'''

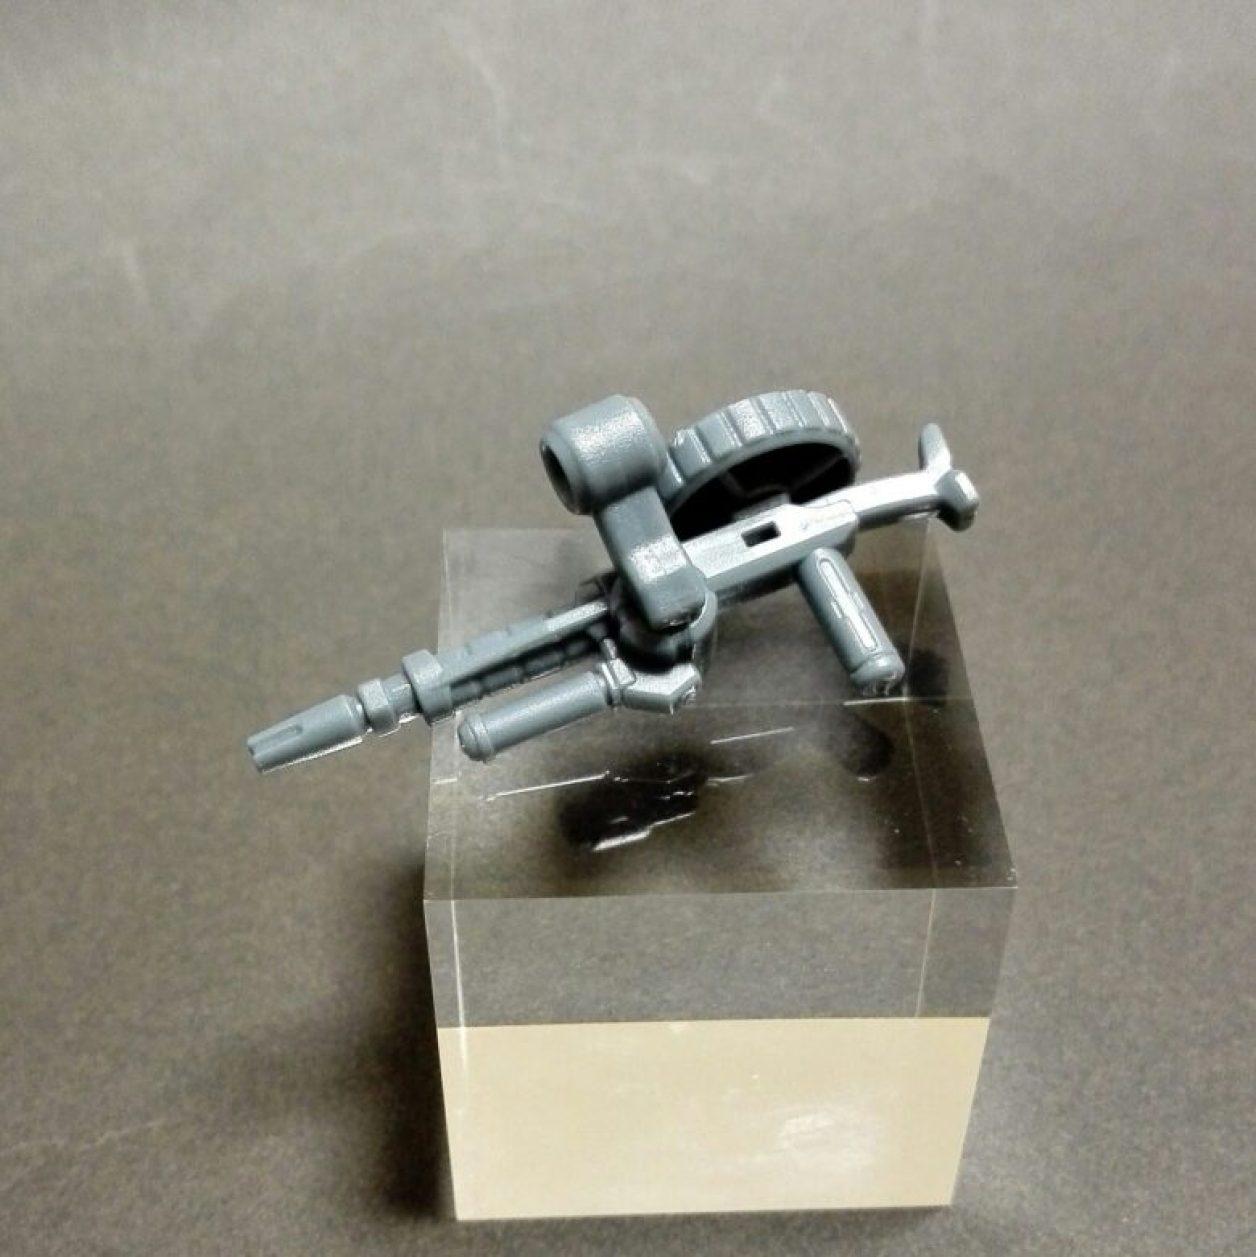 機動戦士ガンダムよりMOBILE SUIT ENSEMBLE 09弾の高機動試作型ザクの初期武装のザク・マシンガンの画像
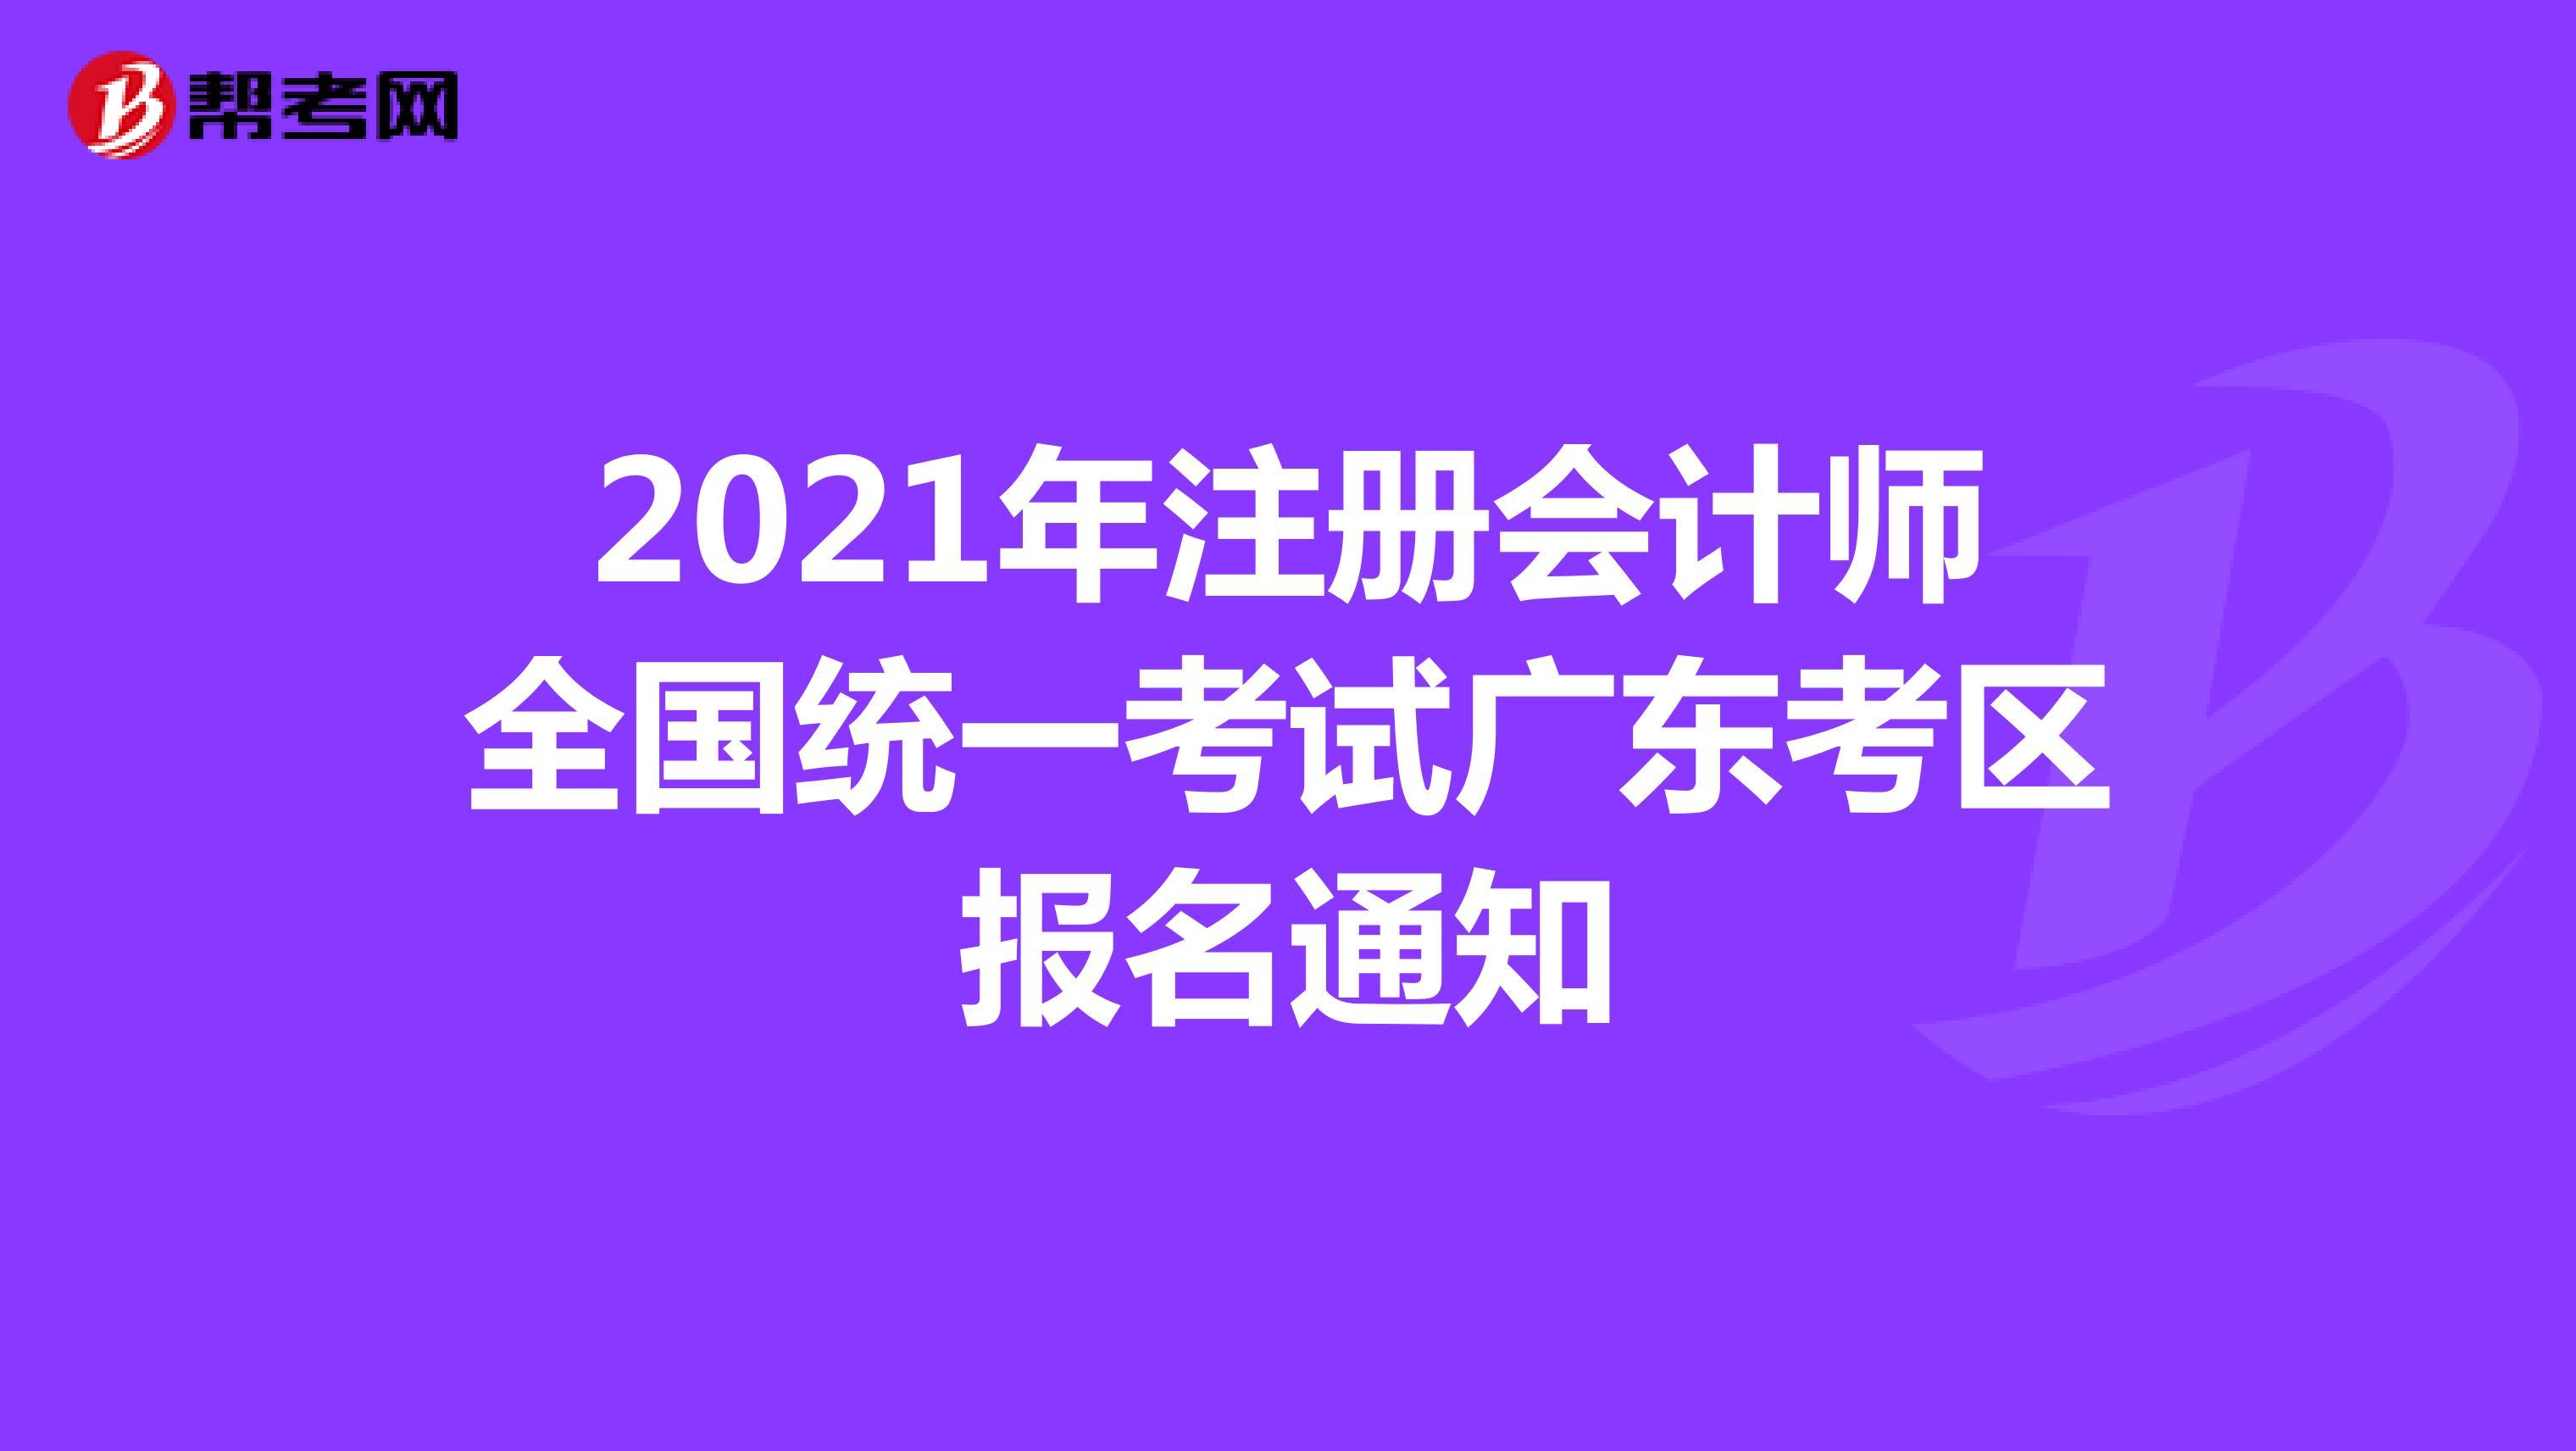 2021年【hot88热竞技提款】注册会计师全国统一考试广东考区报名通知
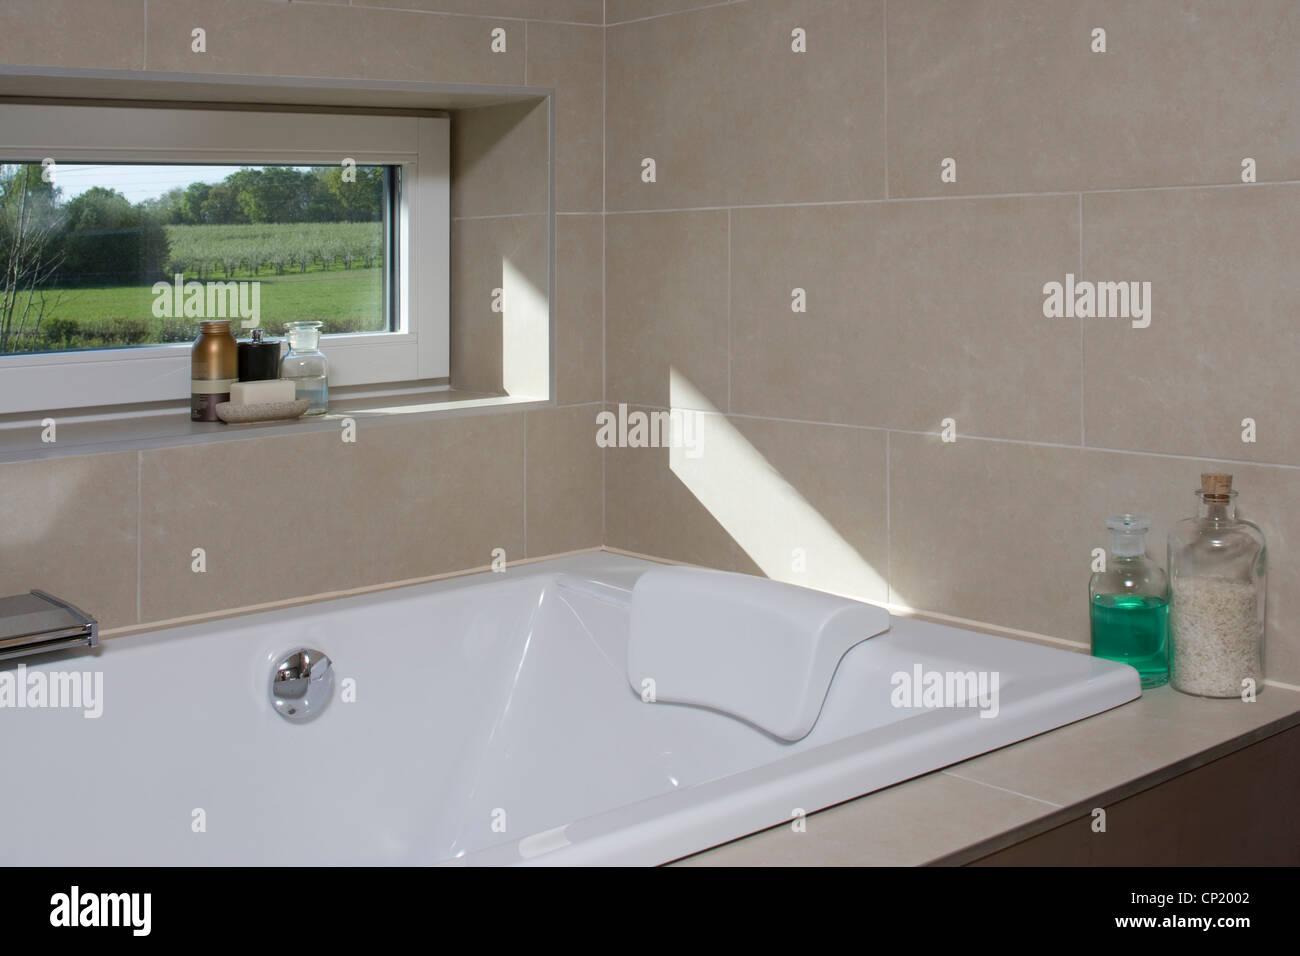 Vasca Da Bagno Sotto Finestra : Vasca da bagno sotto la finestra a zero emissioni di carbonio casa

'''

All of the listing above must be output exactly, except for its pictures.

SOLUTION FOR THIS PROBLEM:
 機動戦士ガンダムよりMOBILE SUIT ENSEMBLE 09弾の高機動試作型ザクの初期武装のザク・マシンガンの画像
 2021年【hot88热竞技提款】注册会计师全国统一考试广东考区报名通知
 Vasca Da Bagno Sotto Finestra : Vasca da bagno sotto la finestra a zero emissioni di carbonio casa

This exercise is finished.